I find it to be more intuitive since it can be simplified to: output = tanh(W_xh*x+ output*w_oo), hence w_oo is a weight that is "memorizing" or "giving importance" to the previous outputs.
Kudos to Alex and Ava for taking the time to making these concepts so simple to consume! I'm definitely going to watch all the lectures for this course.
Pretty sure I tried viewing this lecture series at least 2 years ago, and this format is much more understandable and digestible. Thank you MIT and lecturers/producers.
I watched all the lectures of 2020 in the lockdown , when I first I thought what I learnt in other course for 1 week is equivalent what I learn from a sngle lecture , its too cool to cover all these coccepts in an hour..

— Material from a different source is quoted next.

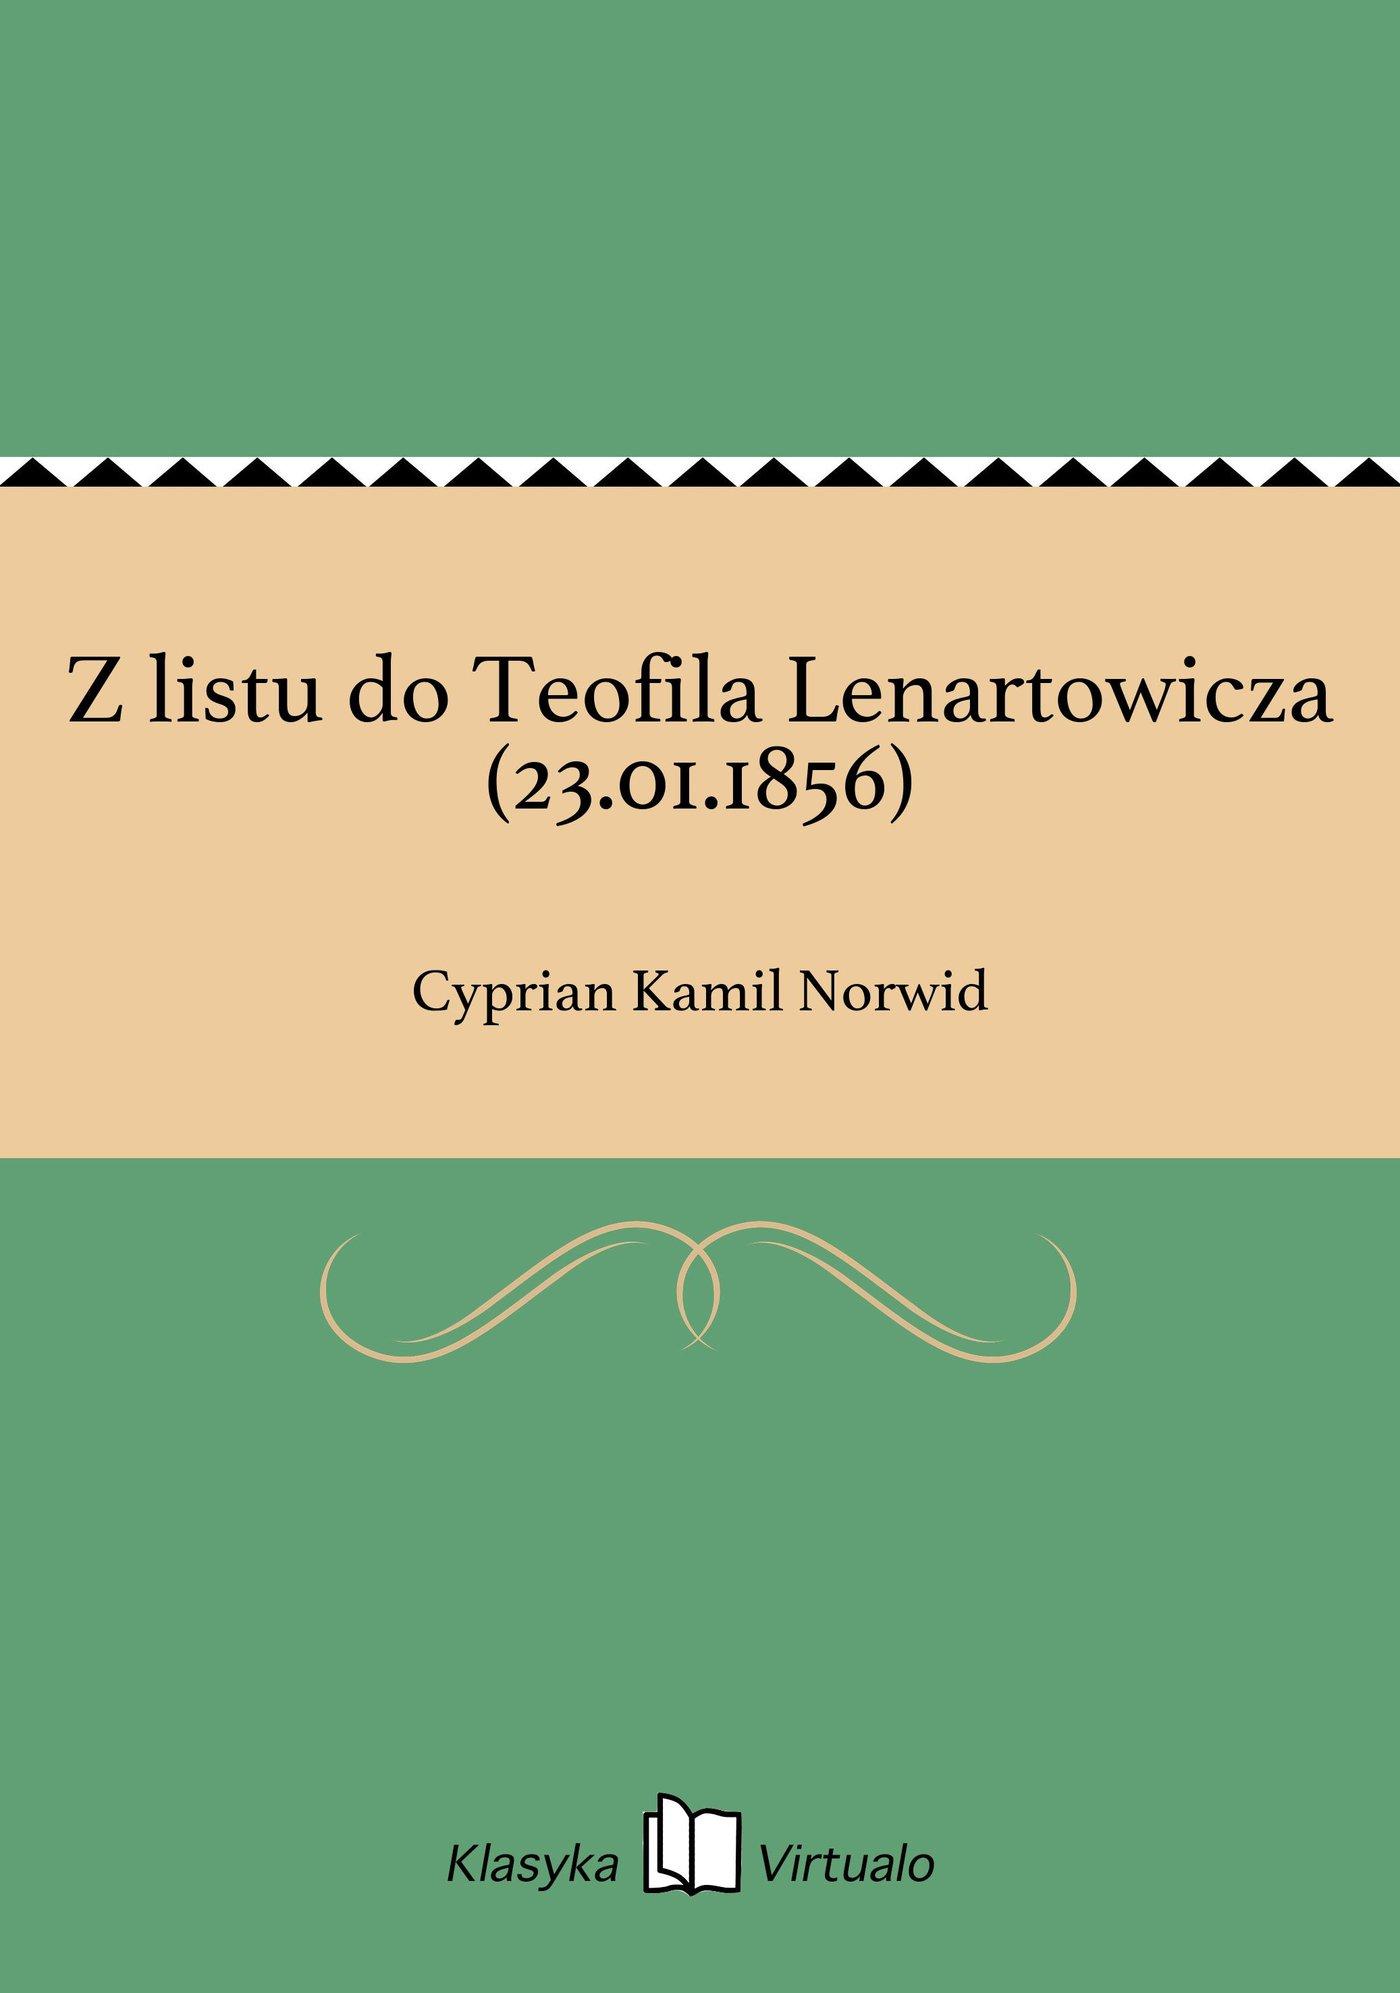 Z listu do Teofila Lenartowicza (23.01.1856) - Ebook (Książka na Kindle) do pobrania w formacie MOBI

Once again, I really enjoyed this lecture. All the concepts are well explained, I am just about to start the lab session and feel quite excited to apply all I picked up from this lecture. Thank you!

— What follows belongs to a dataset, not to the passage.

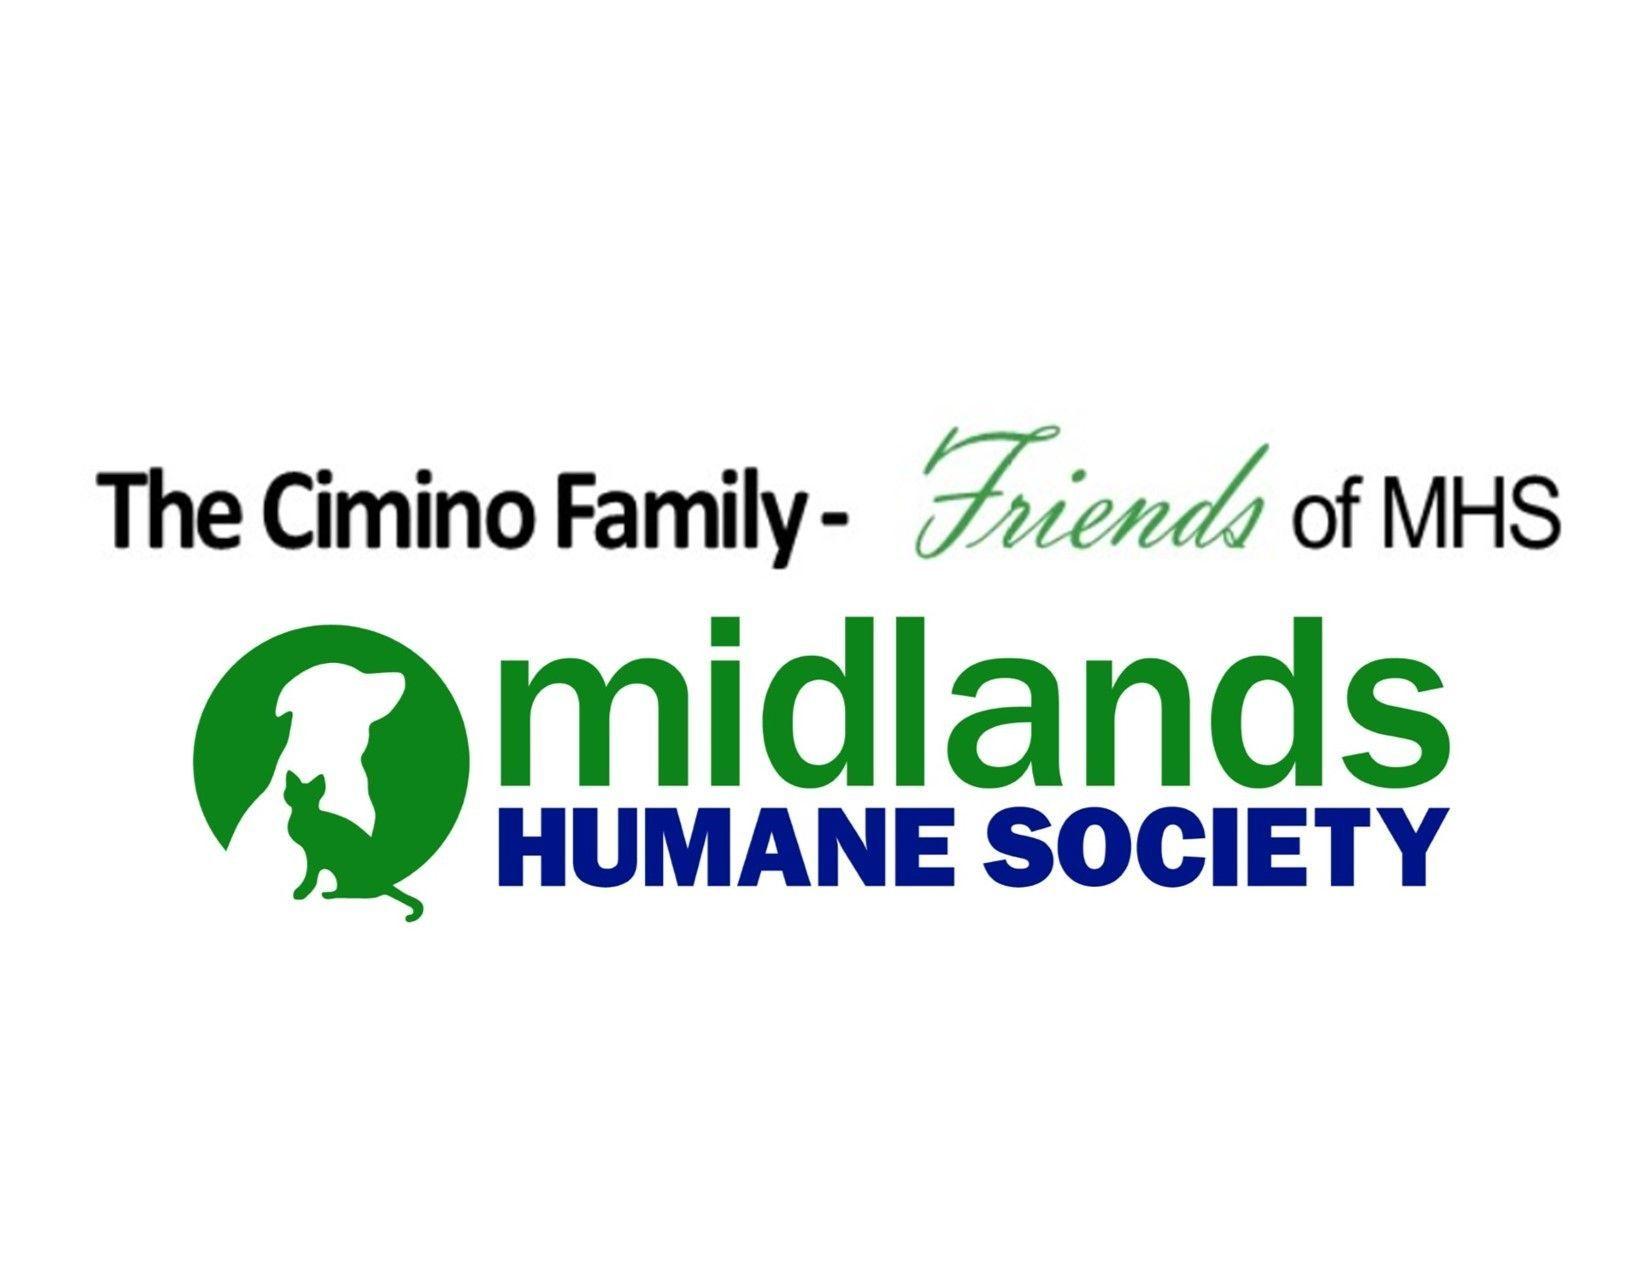 The Cimino Family

Question: So Ht is a single float being passed from one cell to the next? And what are the dimensions of the weight matrix W_hh? Because I assume it must learn something of value that is characterized by the relationship between the input at T-1 and T. So my question is, is the weight matrix W_hh dimensioned by the size of the vocabulary squared? If so what sort of intuition should I have about what H is encoding?
16:50 why y only depends on h? doesn't y depend both on h and x? Does it mean that h(t) has considered the non-linear feature, and y(t) just considered as linear to h(t) is enough?
The lecture was very well presented, and easy to understand. I learned a lot. Maybe because I'm still new to the subject, I found the explanation on Attention a little difficult to understand. Thank you very much!
Is there anyone who is trying out the lab? @Alexander, consider setting up a forum where we could discuss issues /insights that we have while trying out the lab exercises
Brilliant content, absolutely loving it. I am implementing sample networks using test datasets in R for the topics in the lectures. If anybody wants the files, let me know. The lecturers voice trembles a bit (not sure if nervous or exited), so some words of encouragement: you rock!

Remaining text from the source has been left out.